HD 154088 is a seventh magnitude metal-rich K-type main sequence star that lies approximately 58 light-years away in the constellation of Ophiuchus. The star is orbited by a hot Super-Earth.

Properties
     
     
HD 154088 is a modestly bright star that lies at the bottom of Ophiuchus, near to the border with Scorpius and near to the plane of the Milky Way. The star was recognised as a high proper motion star during the last century, and early Earth-based parallax measurements such as that of the Gliese Catalogue of Nearby Stars indicated a distance of about 50 light-years.
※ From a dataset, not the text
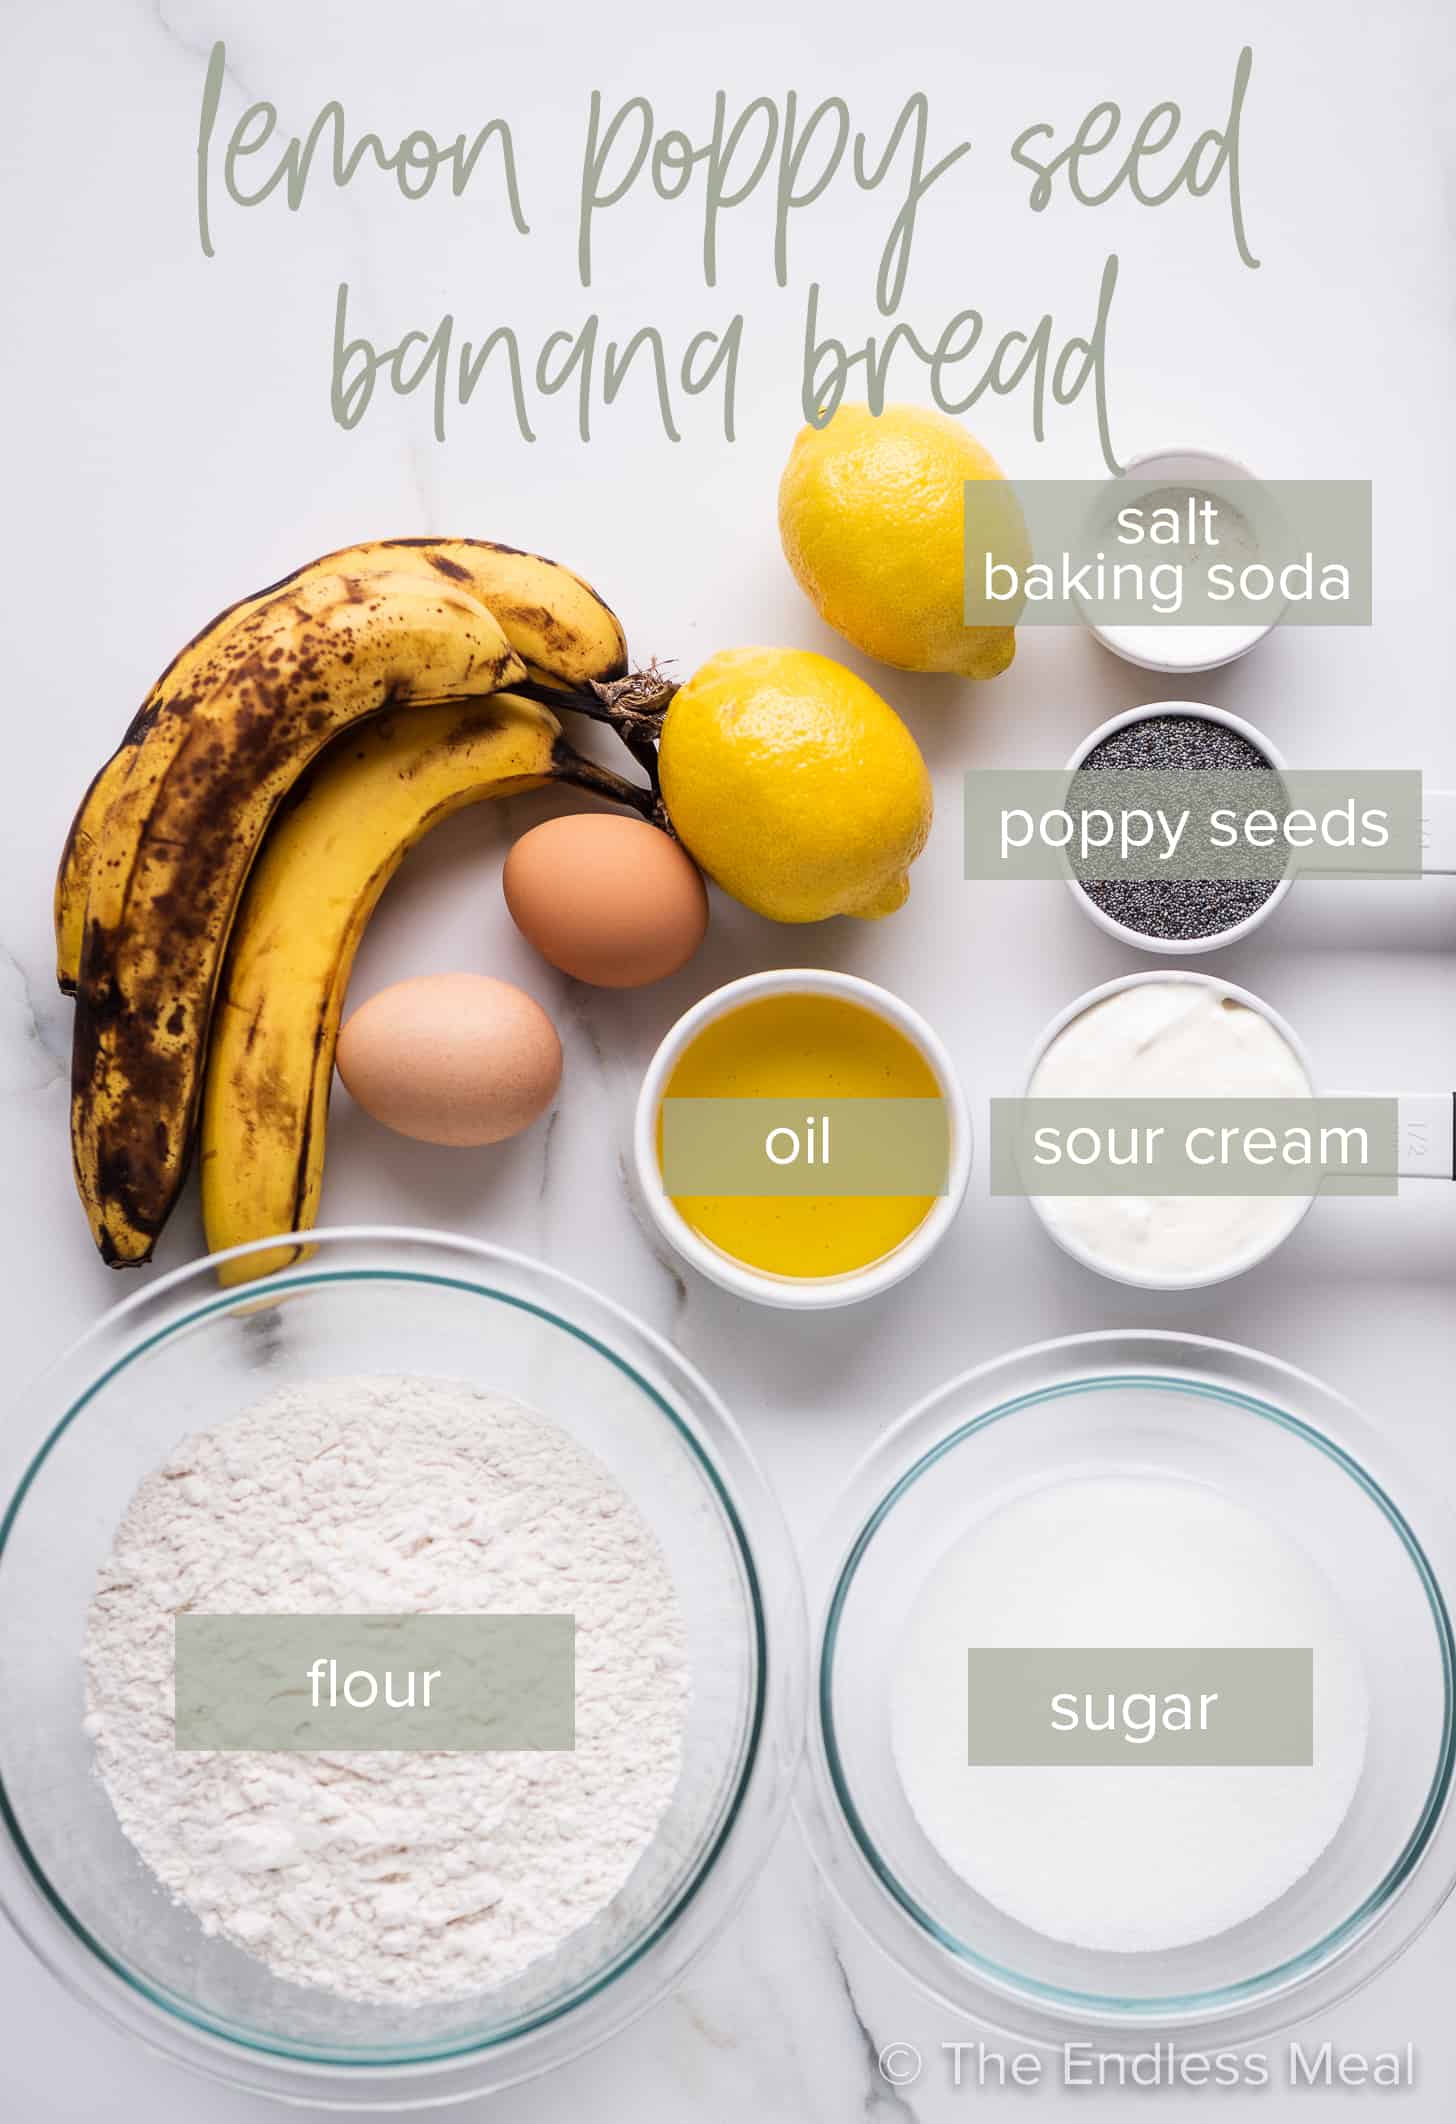 the ingredients needed to make Poppy Seed Lemon Banana Bread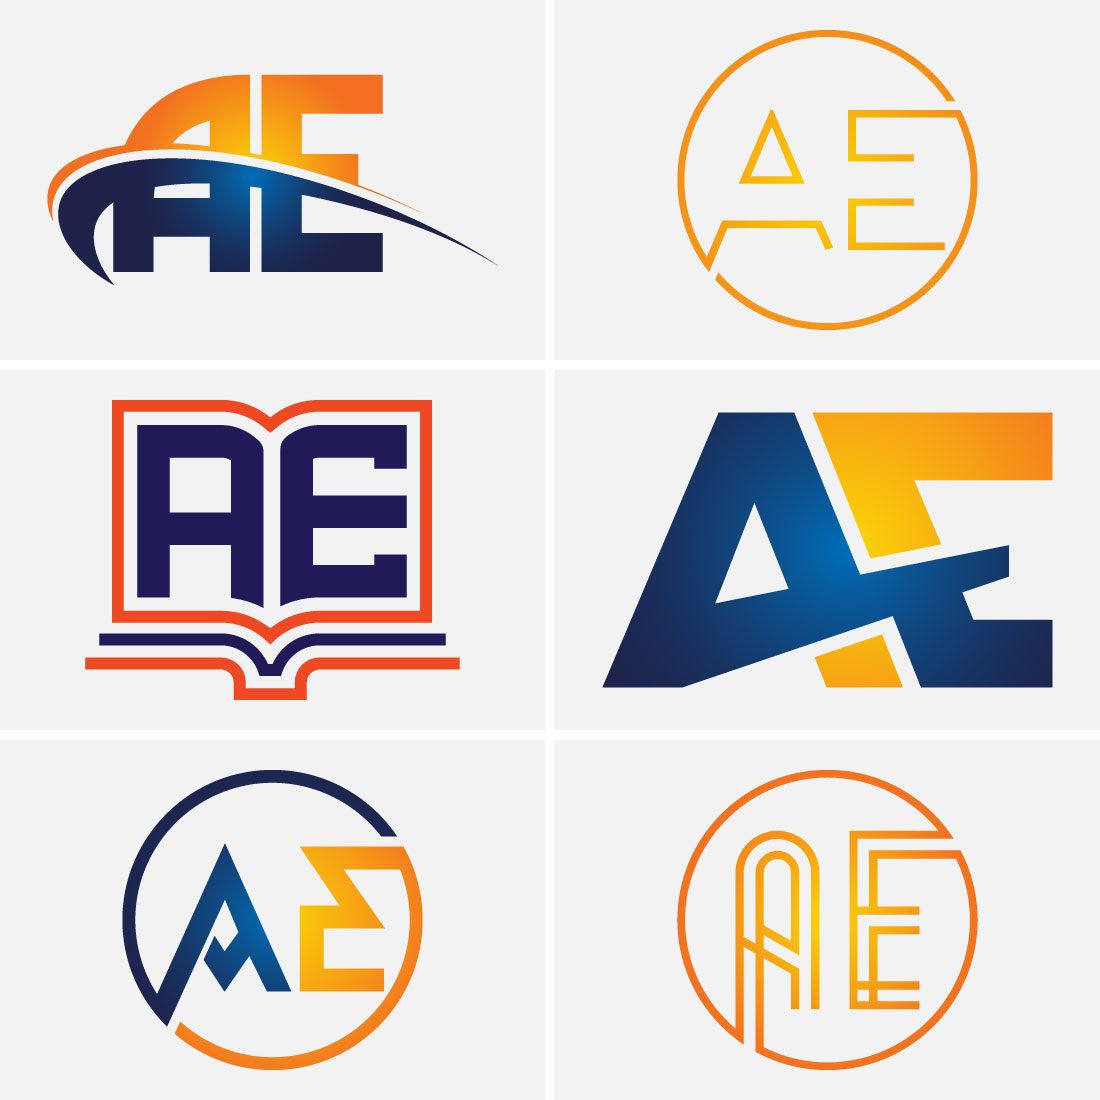 A-E Initial Letter Logo Design image preview.

The star has a spectral type of K0V, indicating that it is a main sequence star that is about 350 degrees cooler than the Sun. On the Hertzsprung-Russell diagram (left), the star lies slightly above the main sequence. This is because the star is very metal-rich; with an Fe/H of 0.3 dex the star has about twice the solar abundance of iron, which makes HD 154088 fall into the somewhat vague group of super metal-rich (SMR) stars. The giant planet occurrence rate of Fe/H = 0.3 stars is on the order of 30%, but HD 154088 is not currently known to host any giant planets.

HD 154088 has a pronounced magnetic field. It also has a magnetic cycle similar to the Sun, though its length is not well constrained.

The survey in 2015 have ruled out the existence of any additional stellar companions at projected distances from 8 to 119 astronomical units.

Planetary system
A planet orbiting HD 154088 discovered with the HARPS spectrograph was announced in September 2011. With a minimum mass of 6 Earth masses, the companion falls into the regime of Super-Earths.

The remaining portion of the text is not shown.